> [Aim of the task]: Leave out every picture, then transcribe the rest of the listing exactly.

> [Data excerpt]:
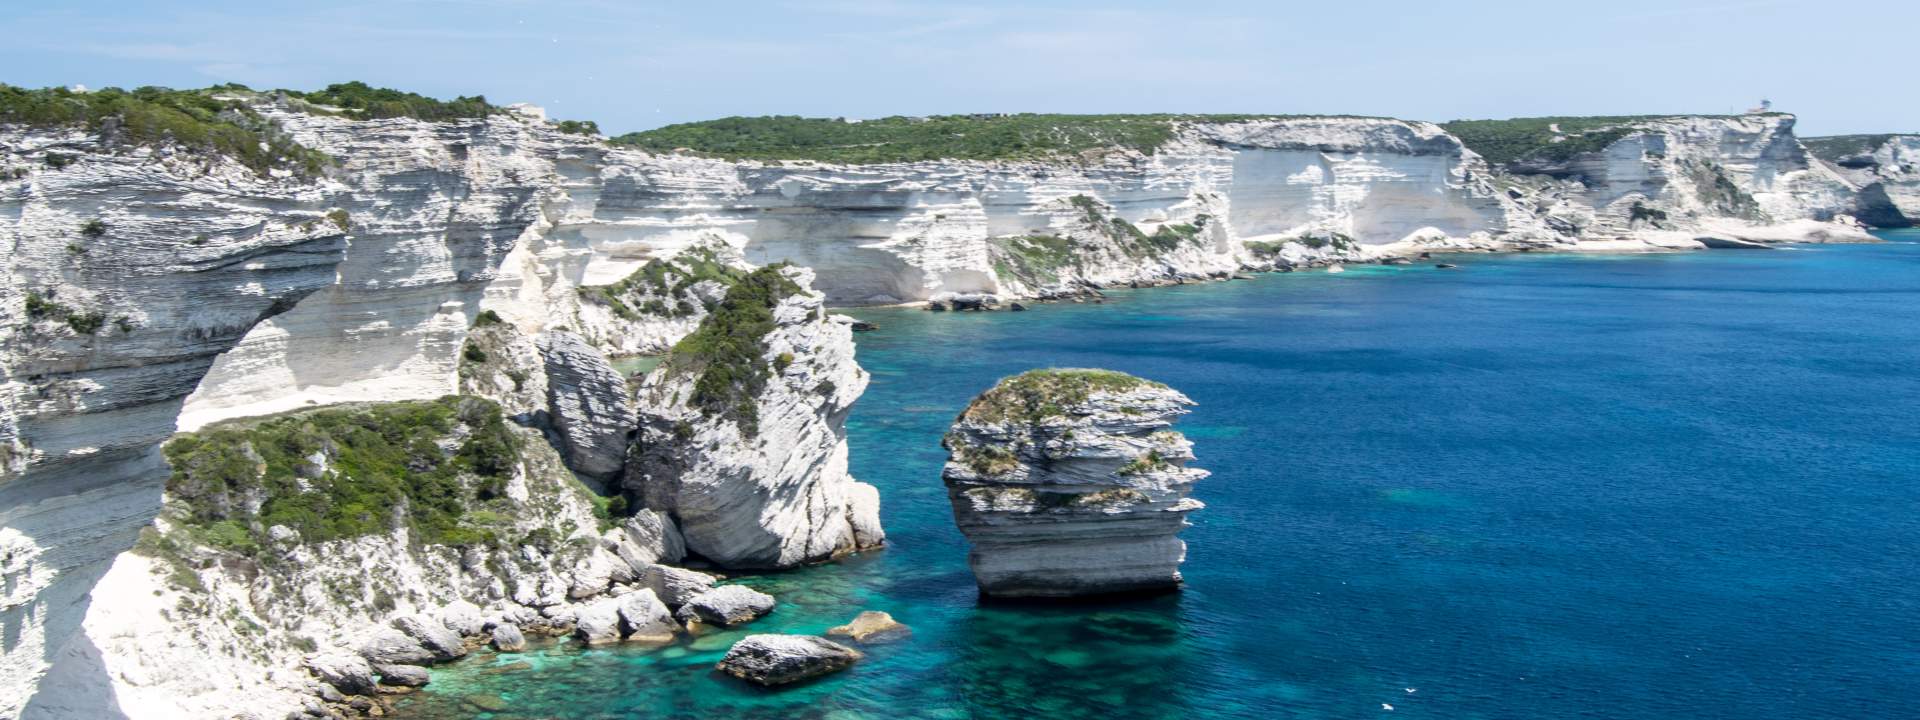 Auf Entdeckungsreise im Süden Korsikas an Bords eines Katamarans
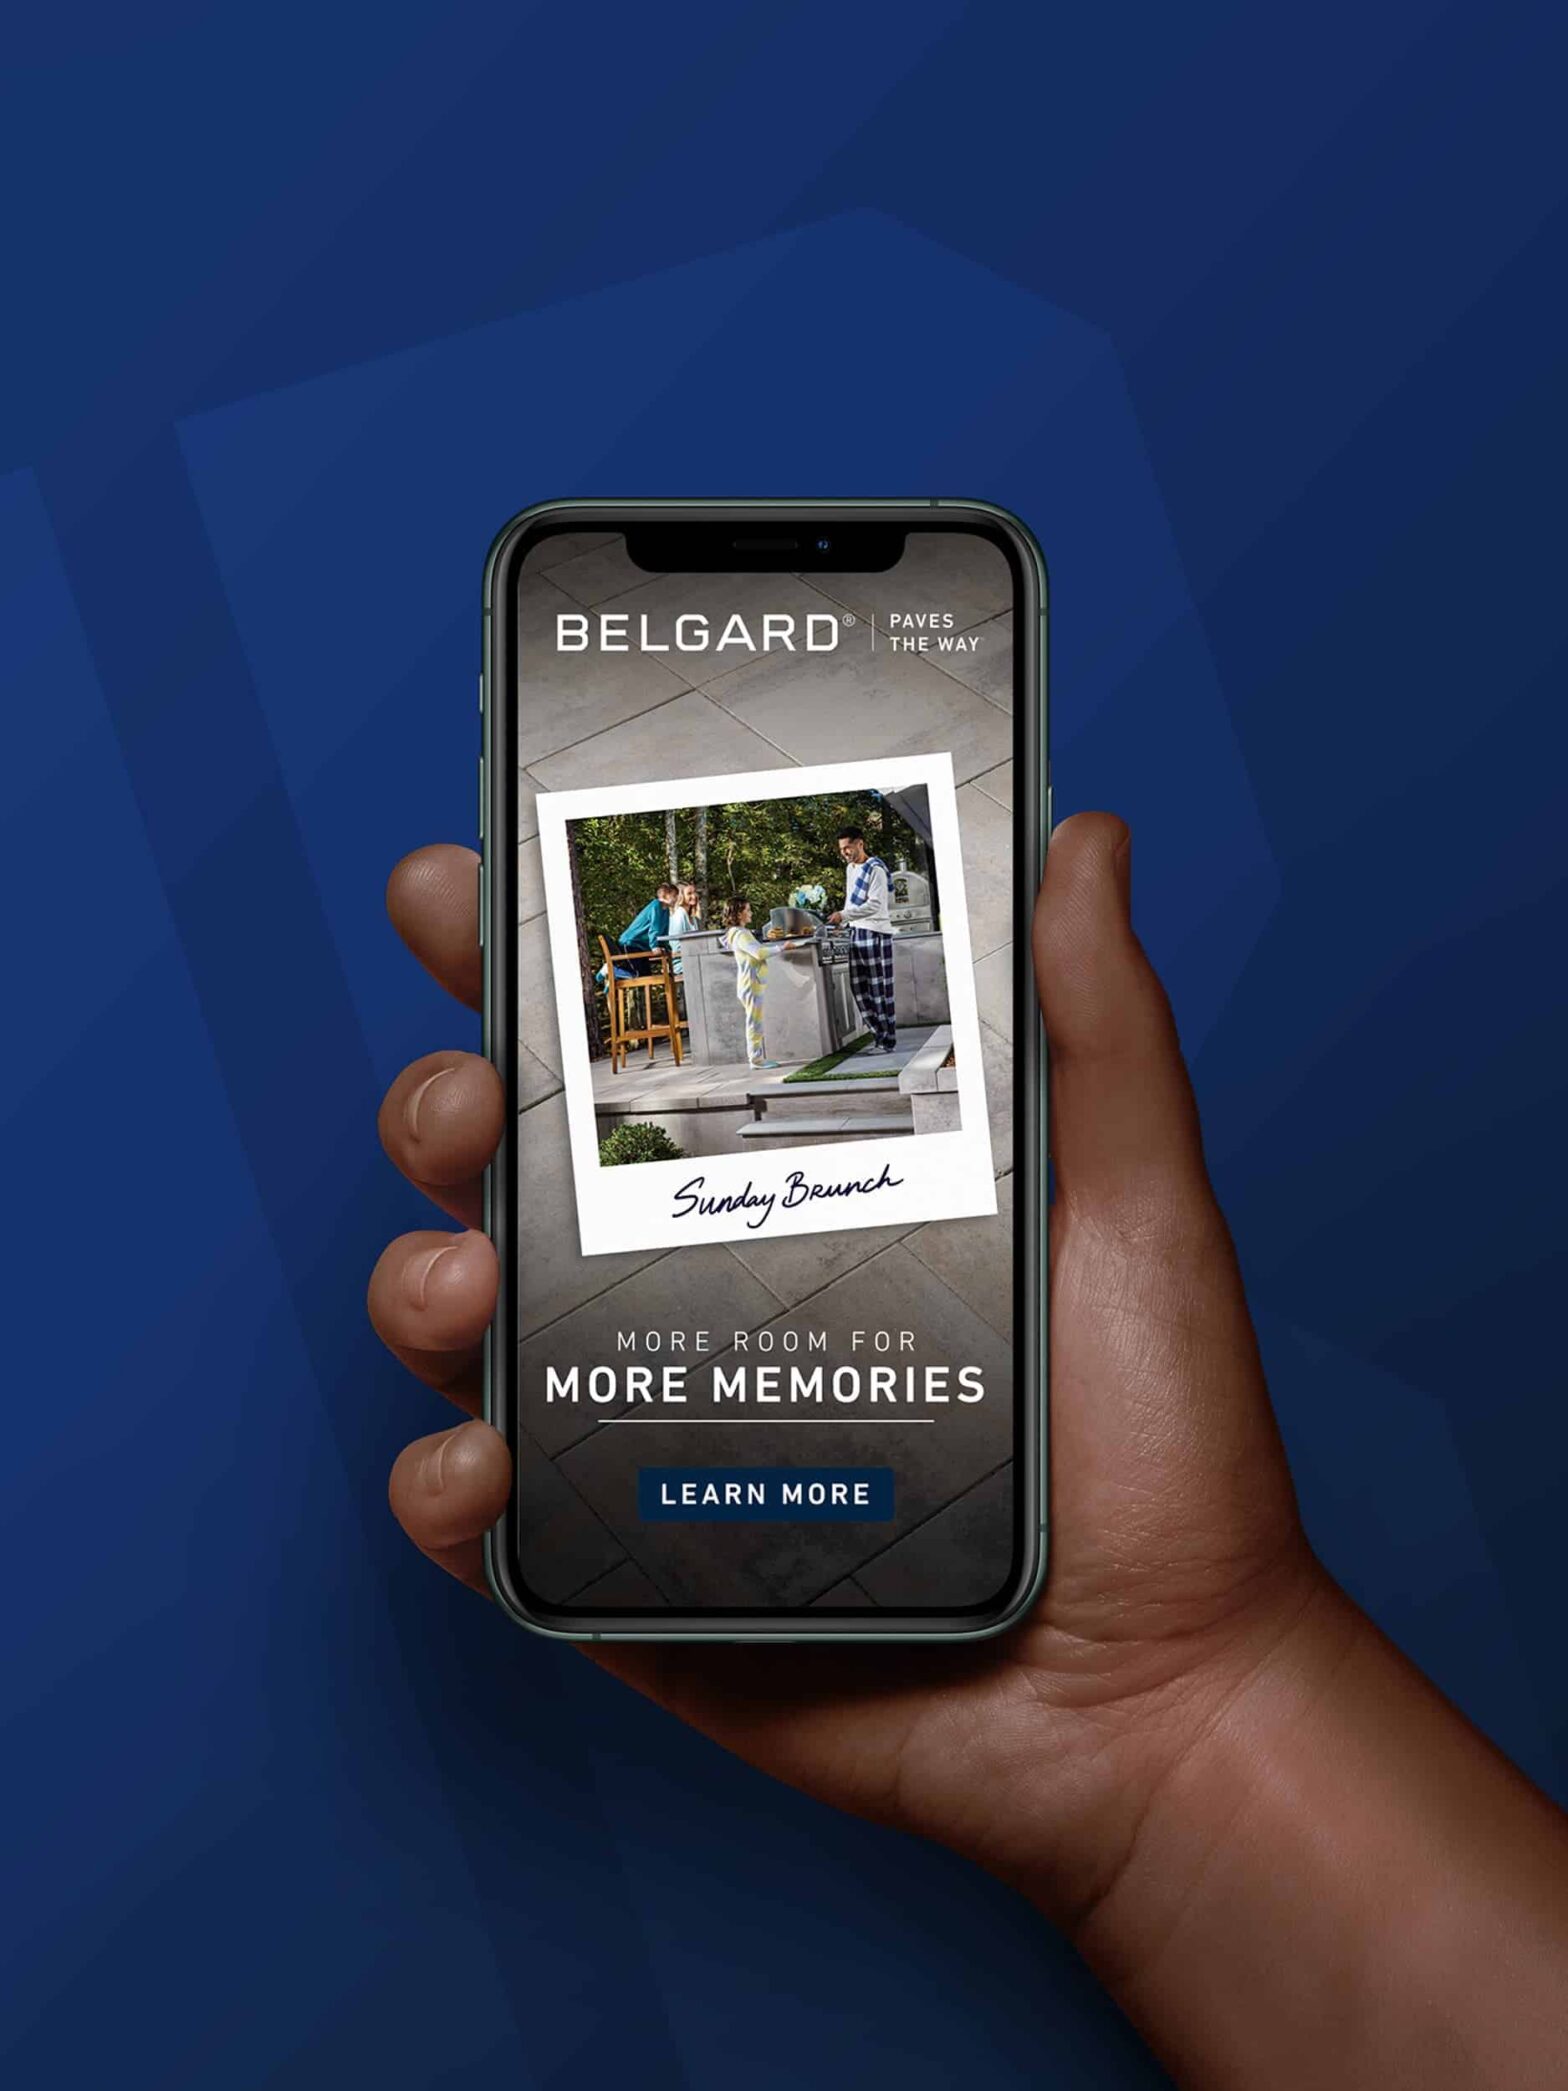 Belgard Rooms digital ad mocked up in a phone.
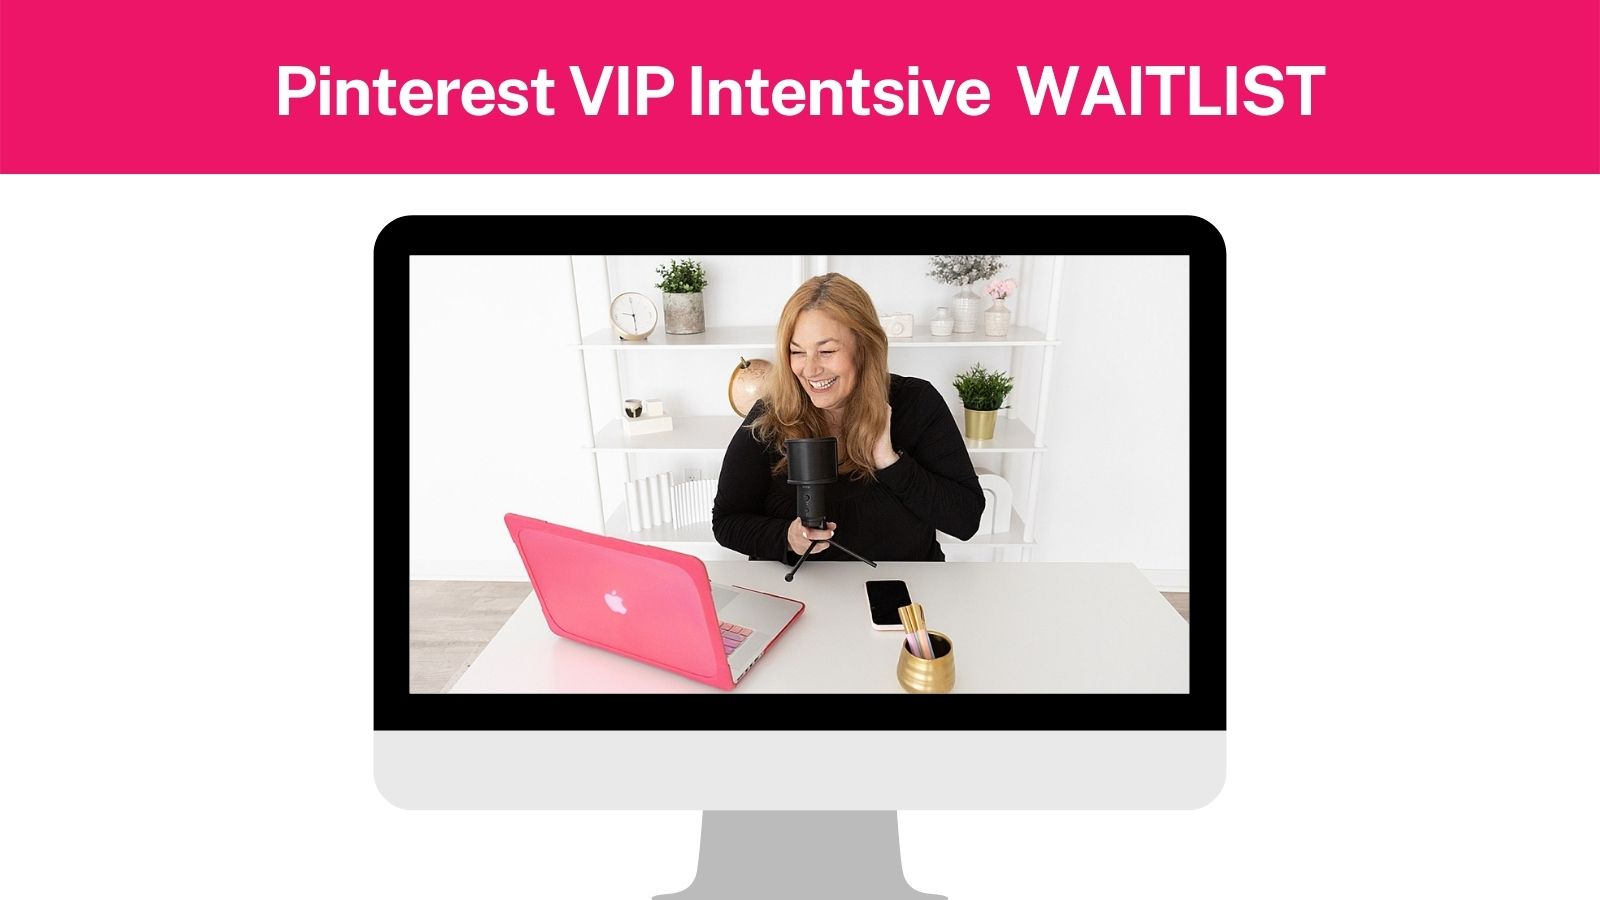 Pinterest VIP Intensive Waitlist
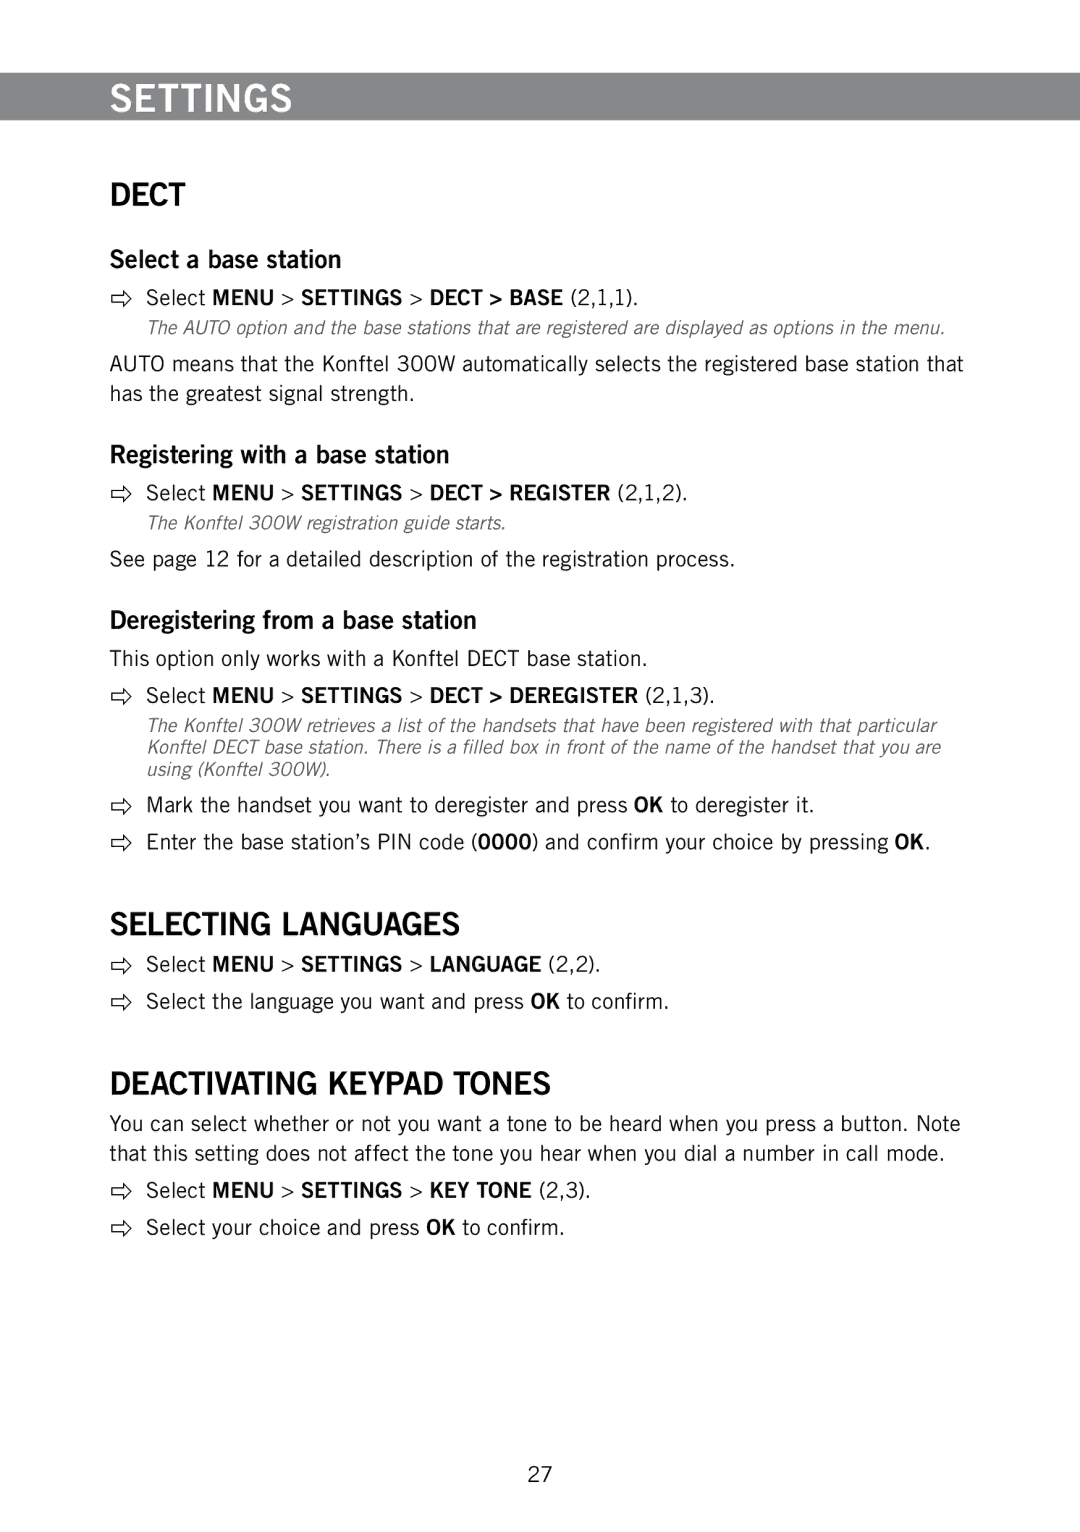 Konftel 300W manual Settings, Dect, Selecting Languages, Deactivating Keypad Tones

> [Answer for the task]:
 Auf Entdeckungsreise im Süden Korsikas an Bords eines Katamarans
 Belgard Rooms digital ad mocked up in a phone.
 Pinterest VIP Intensive Waitlist
 Konftel 300W manual Settings, Dect, Selecting Languages, Deactivating Keypad Tones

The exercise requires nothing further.